Allah Bux
Position
Postdoctoral fellow, Computer Vision
Affiliation
Short info
Research
Dr. Allah Bux Sargano is a Postdoctoral Research Fellow in Computer Vision at the University of Bergen. His research focuses on artificial intelligence, computer vision, machine learning, deep learning, image processing, multimodal visual analysis, explainable AI, medical imaging AI, 3D reconstruction, and sign-language video analysis.
He holds a PhD in Computer Science from Lancaster University, United Kingdom, where his doctoral research focused on vision-based human action recognition using machine learning techniques. He has more than 17 years of university-level experience in teaching, supervision, research, curriculum development, and academic service.
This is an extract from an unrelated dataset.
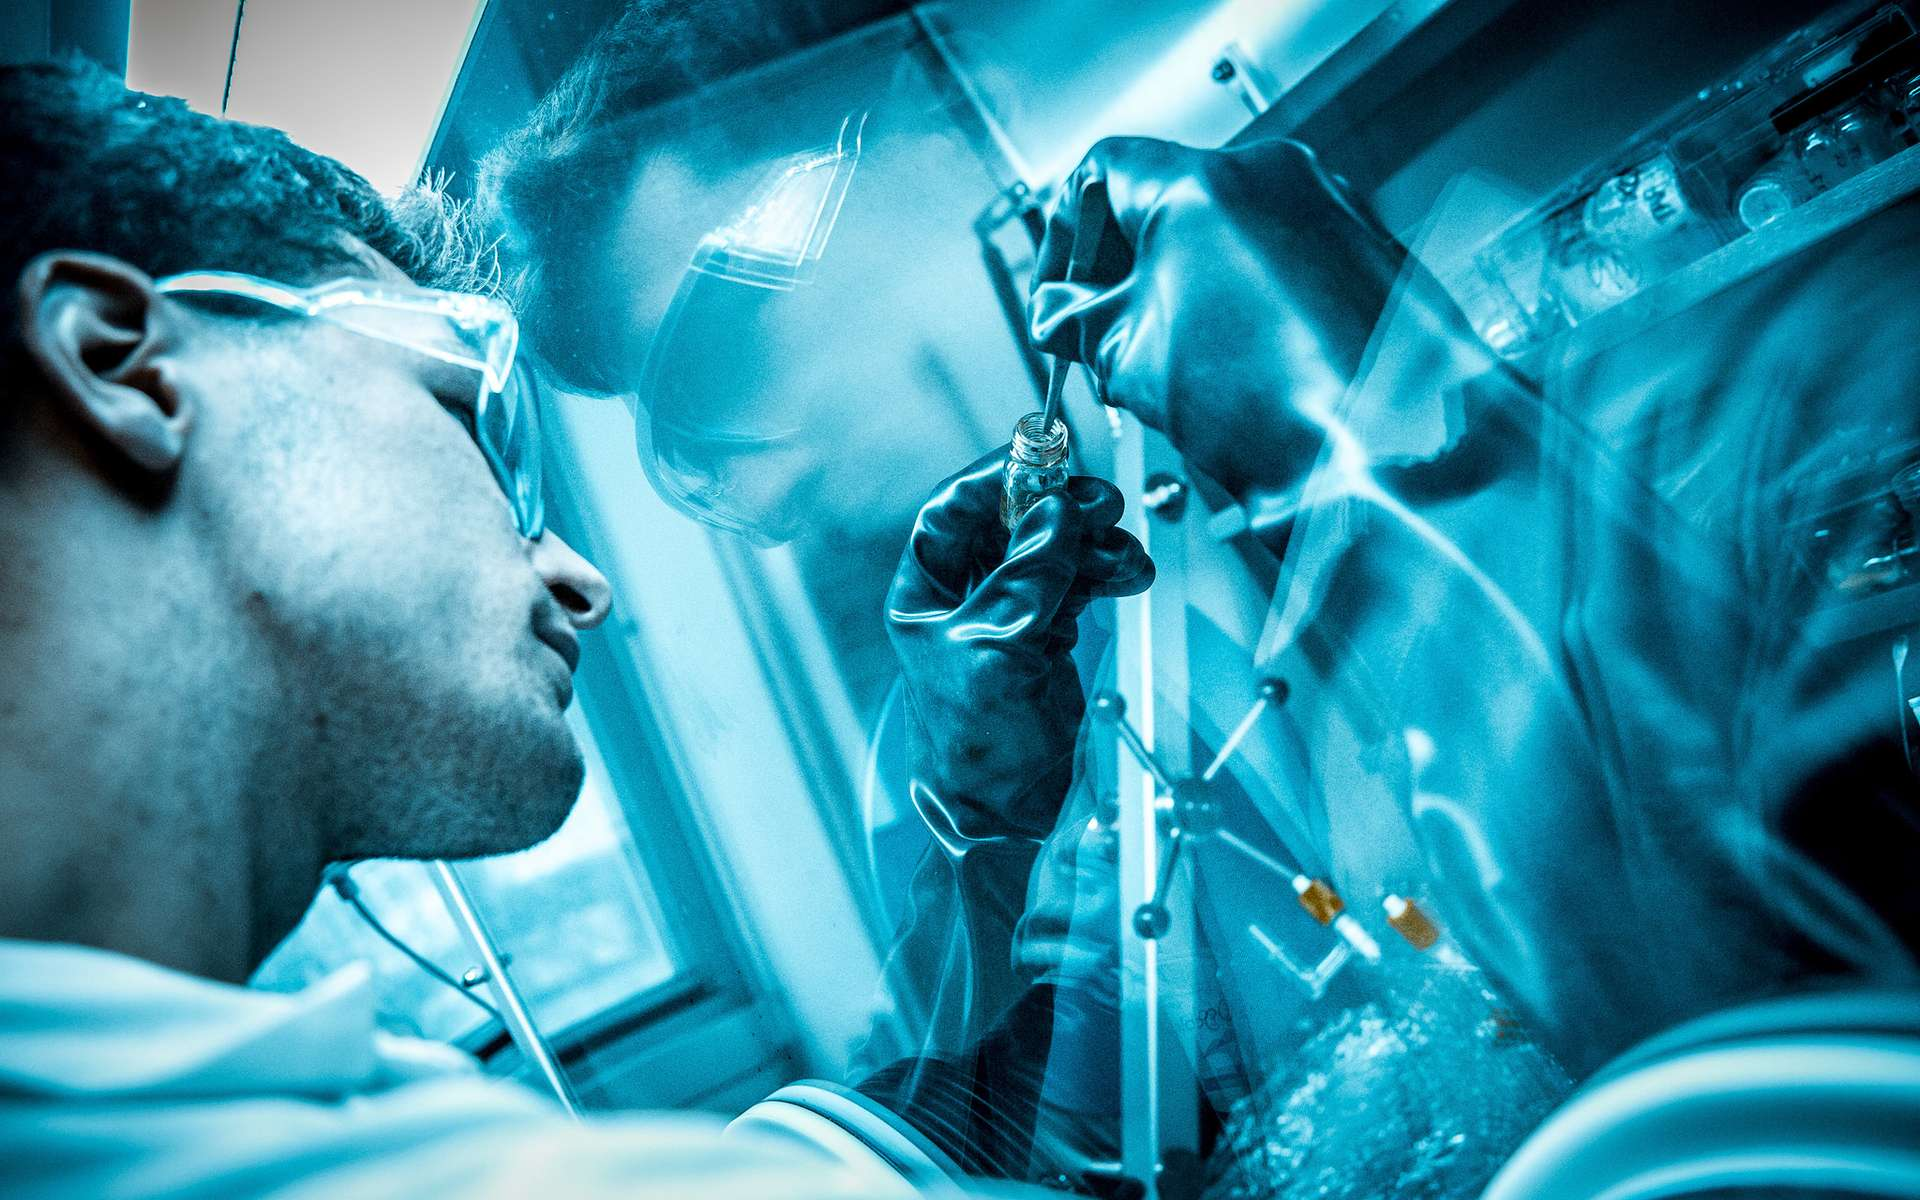 En chimie, la catalyse peut permettre d'augmenter la vitesse à laquelle se produit une réaction. © École polytechnique Université Paris-Saclay, Flickr, CC by-sa 2.0

At the University of Bergen, Dr. Sargano contributes to the ERC-funded NON-MANUAL project. His work involves the development and evaluation of computer-vision and AI-based methods for analysing facial expressions, head movements, eye blinks, body movements, and other non-manual markers in sign-language videos.
Research
Dr. Sargano’s research is centred on the development of intelligent visual systems that can analyse, interpret, and evaluate complex visual and multimodal data. His work focuses on AI models that are robust, explainable, reproducible, and useful for real-world applications.
His current research at the University of Bergen focuses on computer vision for sign-language analysis. In the NON-MANUAL project, he works on methods for detecting and analysing non-manual signals in sign-language videos, including head pose, facial movement, eye blinks, and body-related visual features. This work combines computer vision, deep learning, multimodal data analysis, linguistics, and empirical evaluation.
His broader research covers human activity recognition, video understanding, anomaly detection, surveillance analytics, medical-image classification and segmentation, hyperspectral image classification, multimodal emotion and sentiment analysis, and single-view 3D reconstruction. Across these areas, his research emphasises careful experimental design, robust model development, reproducibility, and practical relevance.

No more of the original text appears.